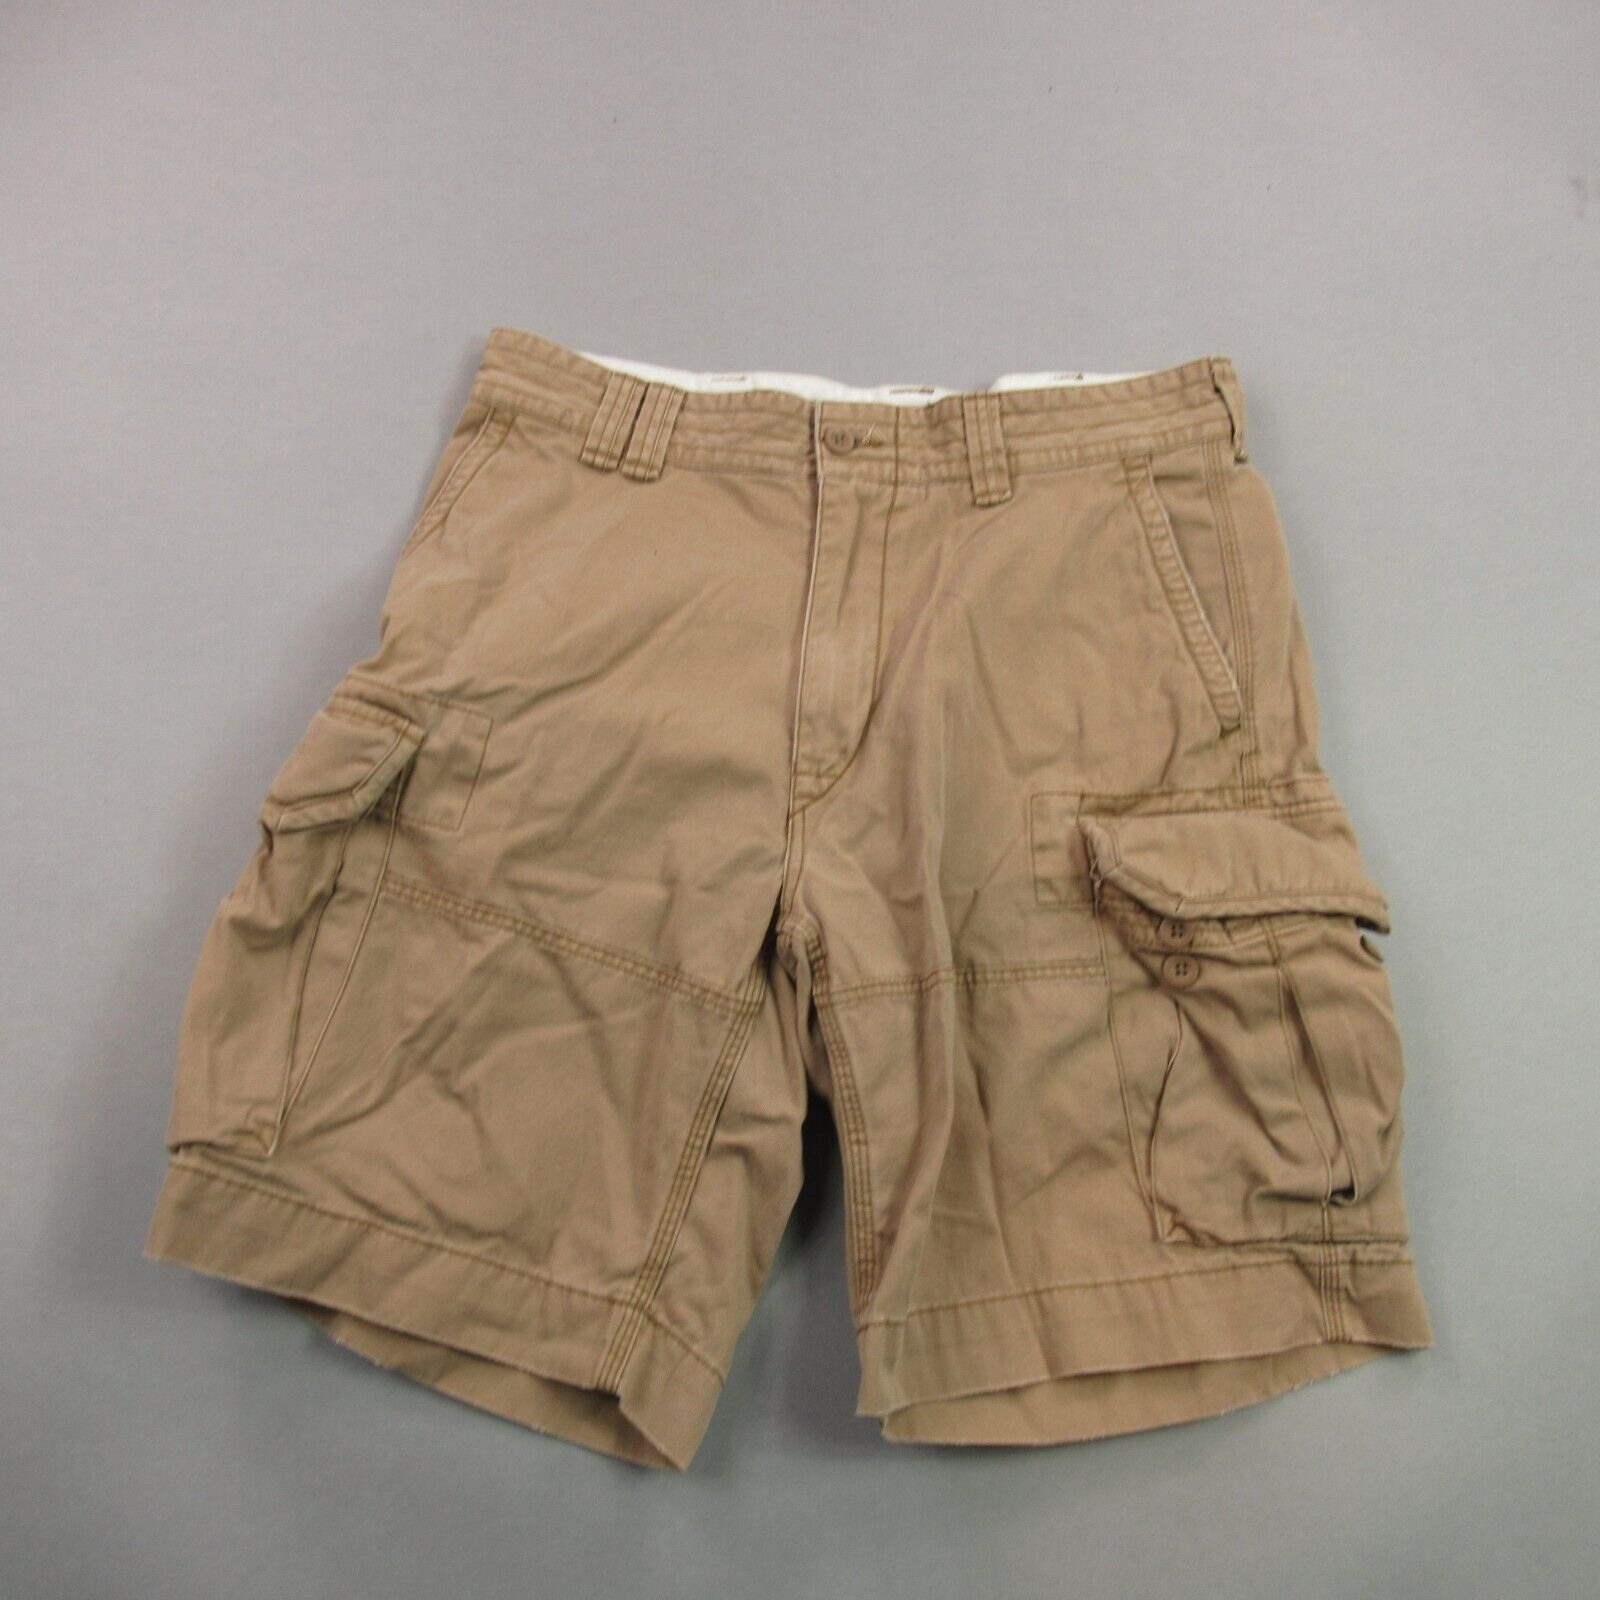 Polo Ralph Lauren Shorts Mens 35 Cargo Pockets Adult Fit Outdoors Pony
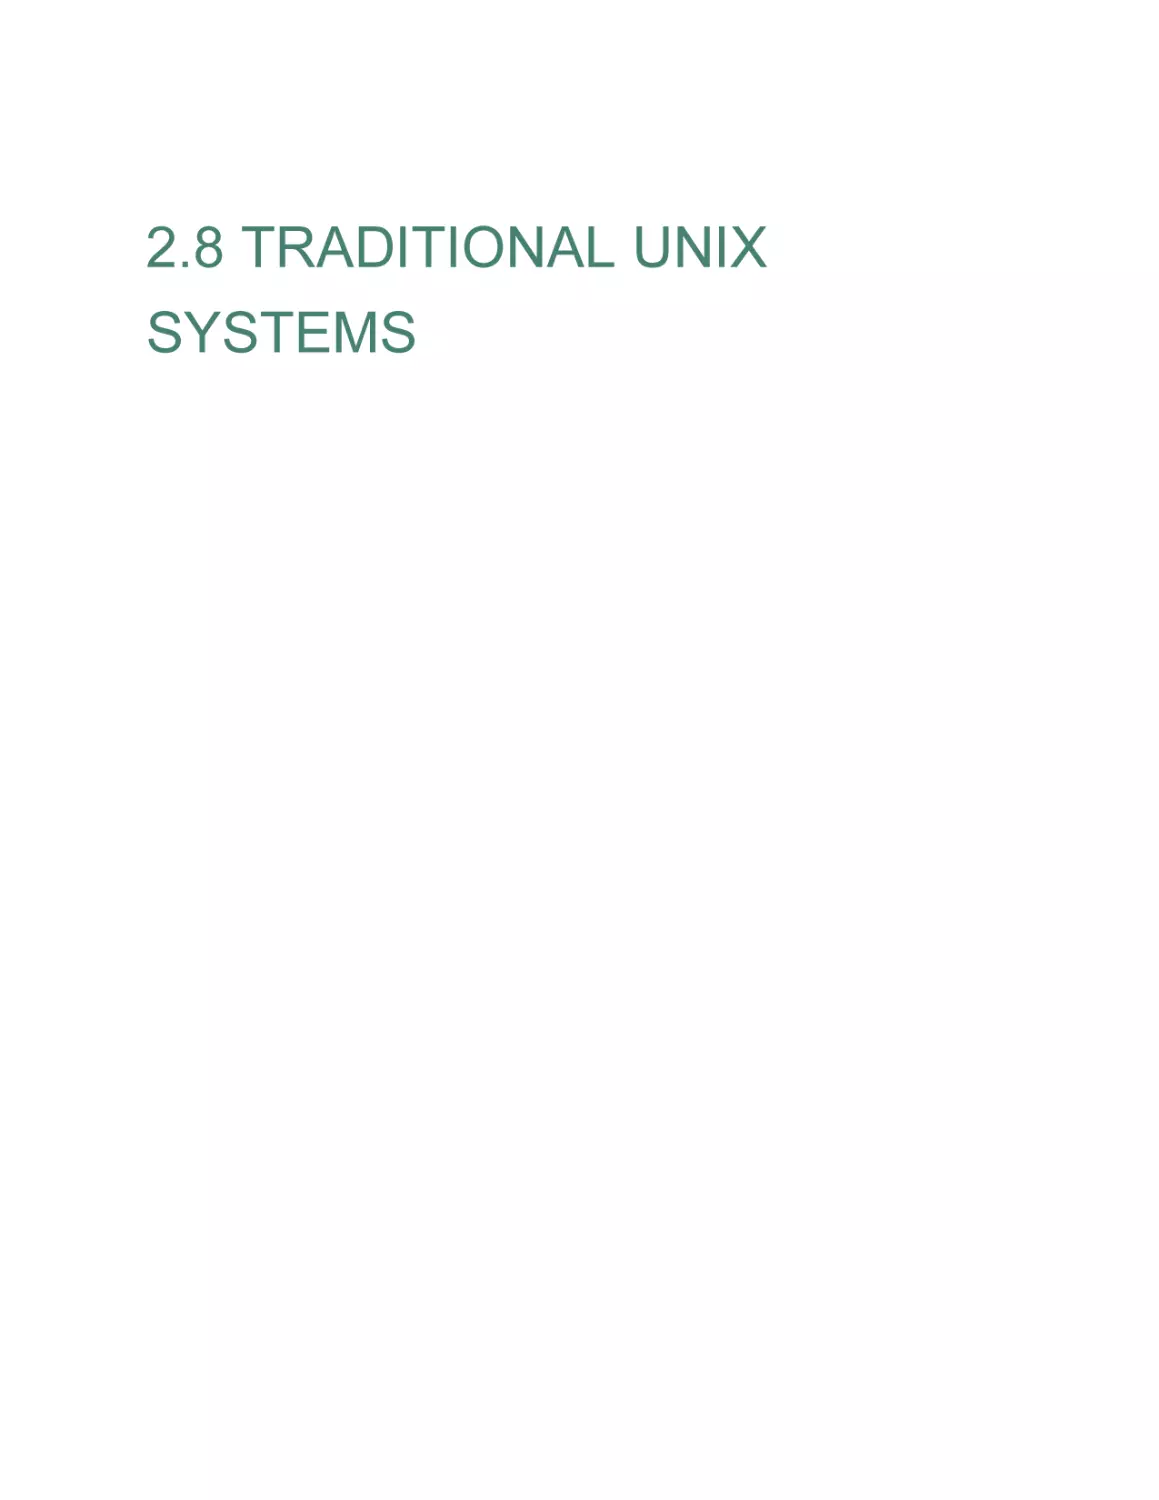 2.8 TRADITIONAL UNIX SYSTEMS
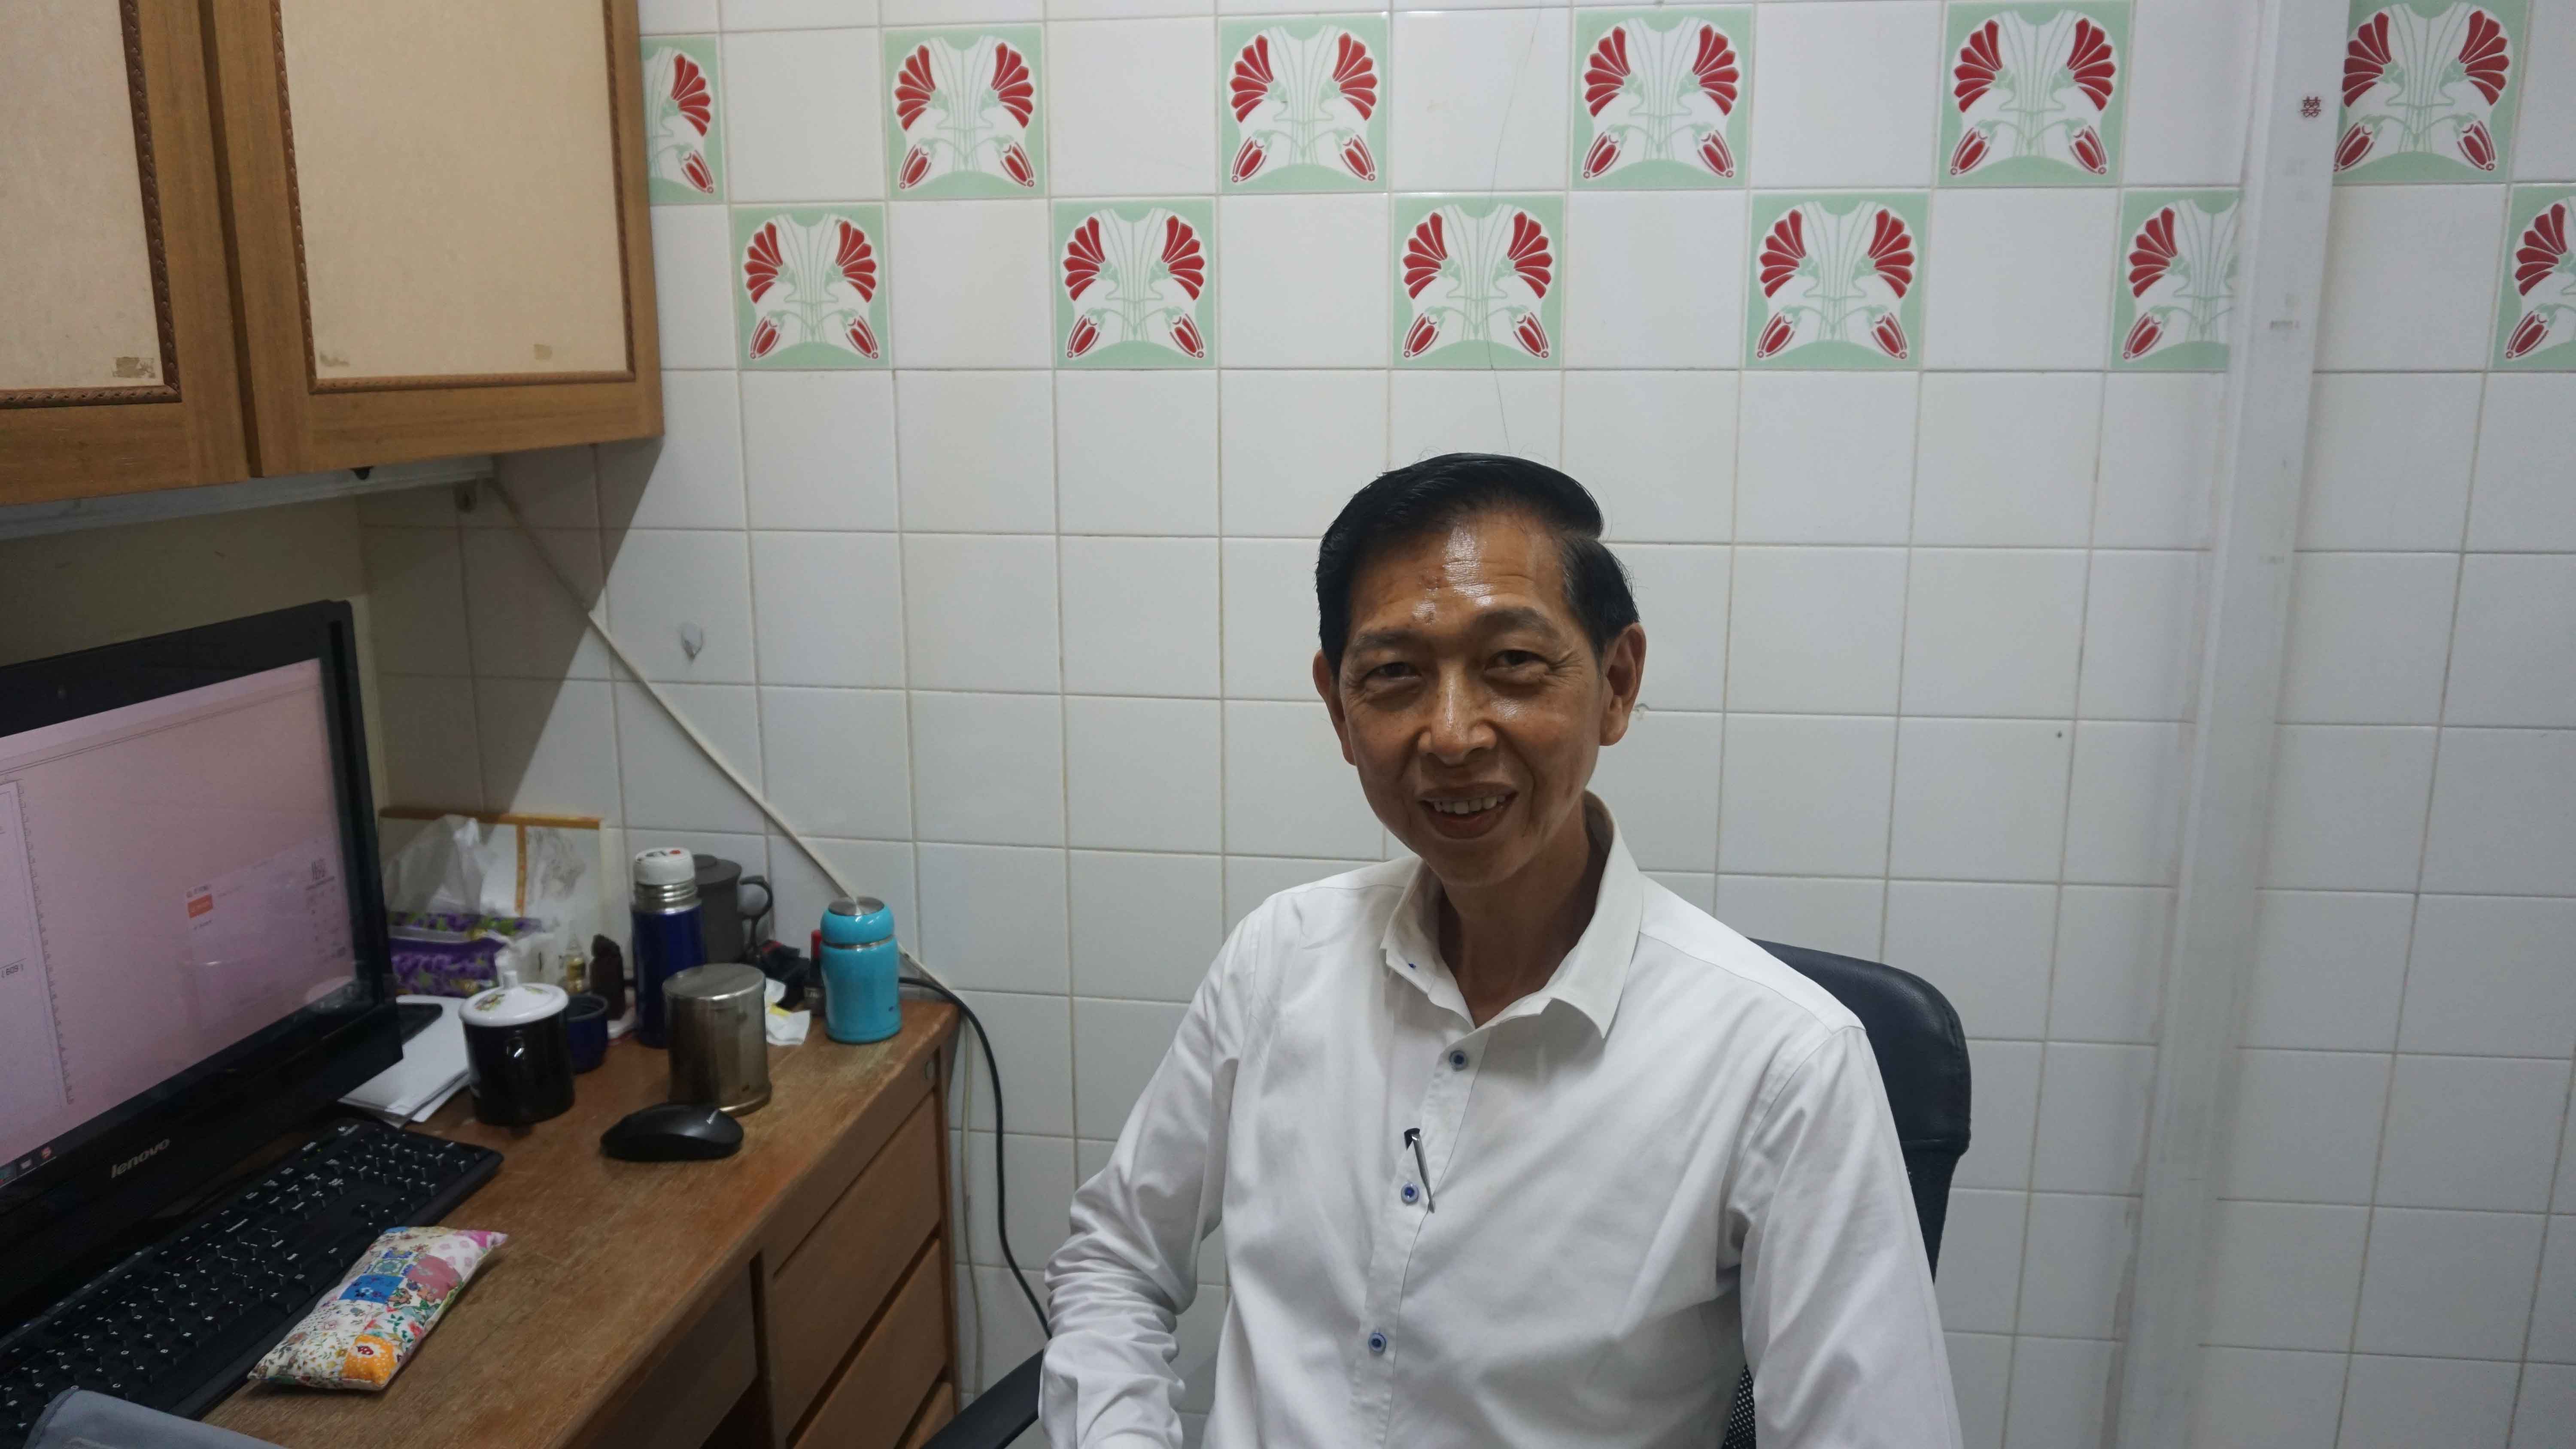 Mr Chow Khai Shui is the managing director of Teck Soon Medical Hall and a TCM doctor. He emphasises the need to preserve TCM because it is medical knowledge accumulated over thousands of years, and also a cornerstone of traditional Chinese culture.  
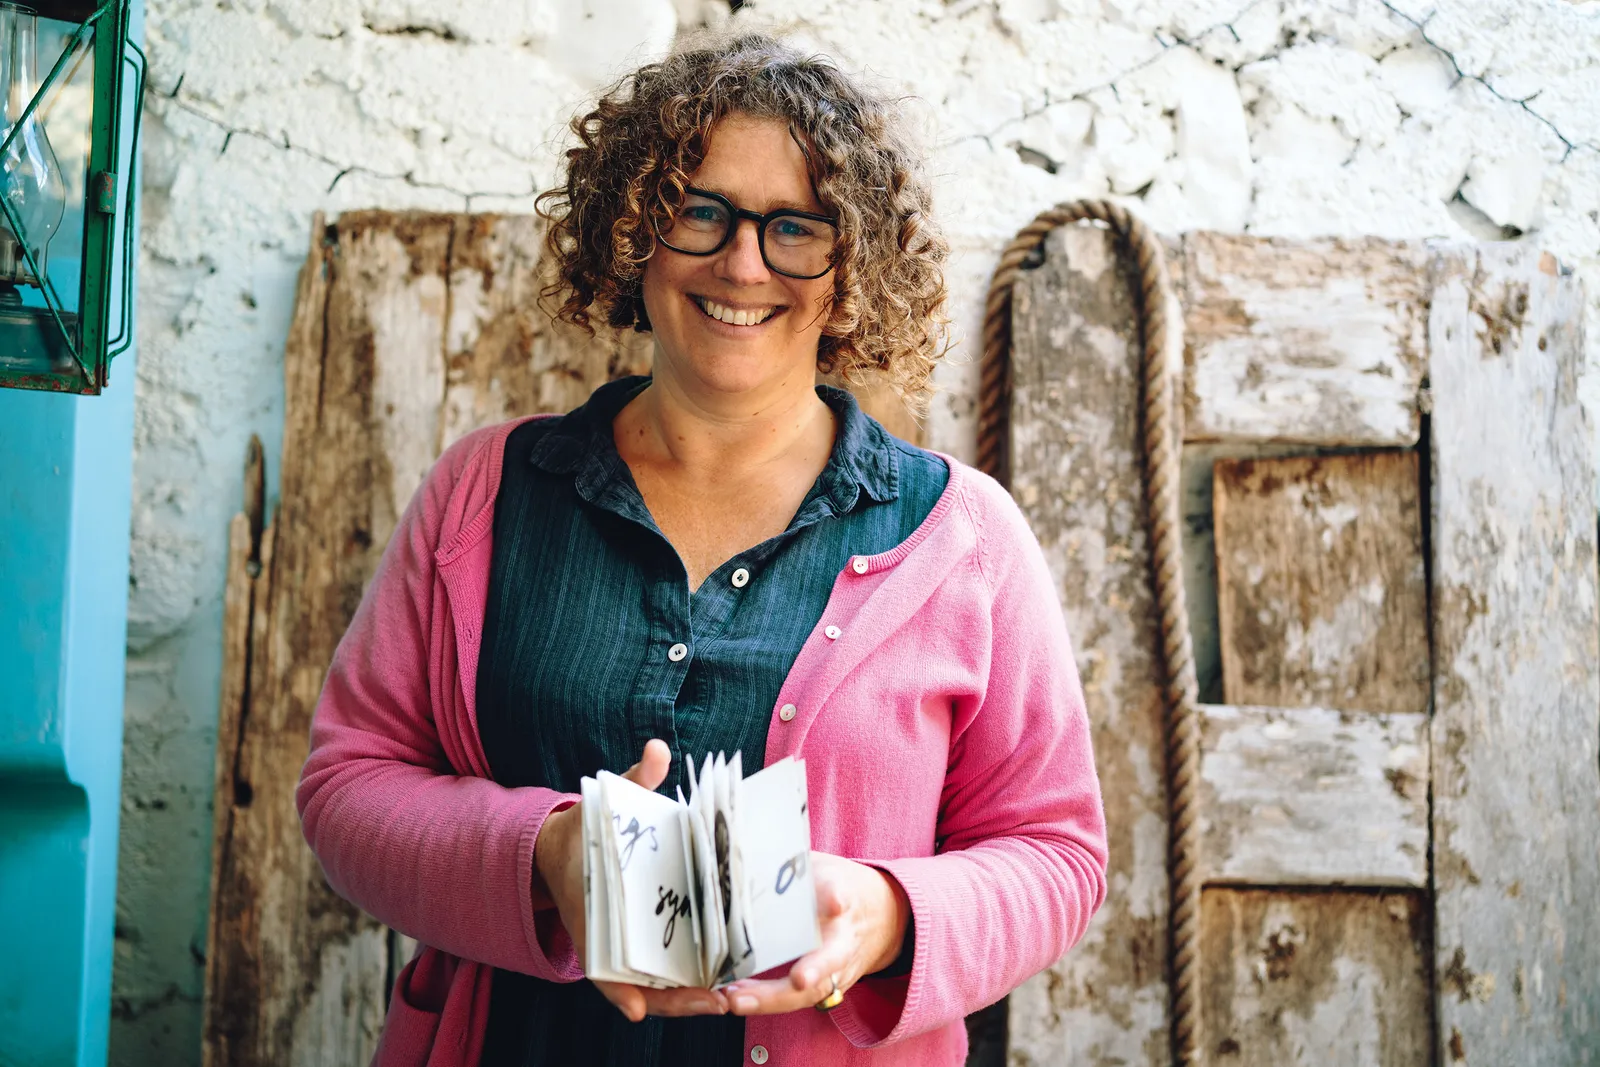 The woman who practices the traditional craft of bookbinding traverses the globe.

------------------------------------------------------------------------

◆ Problem requirements ◆
Repeat only what lies between the start of the data and the end of the line containing "2.8 TRADITIONAL UNIX SYSTEMS", exactly, with pictures left out.

◆ Solved exercise ◆
 Polo Ralph Lauren Shorts Mens 35 Cargo Pockets Adult Fit Outdoors Pony
 2.8 TRADITIONAL UNIX SYSTEMS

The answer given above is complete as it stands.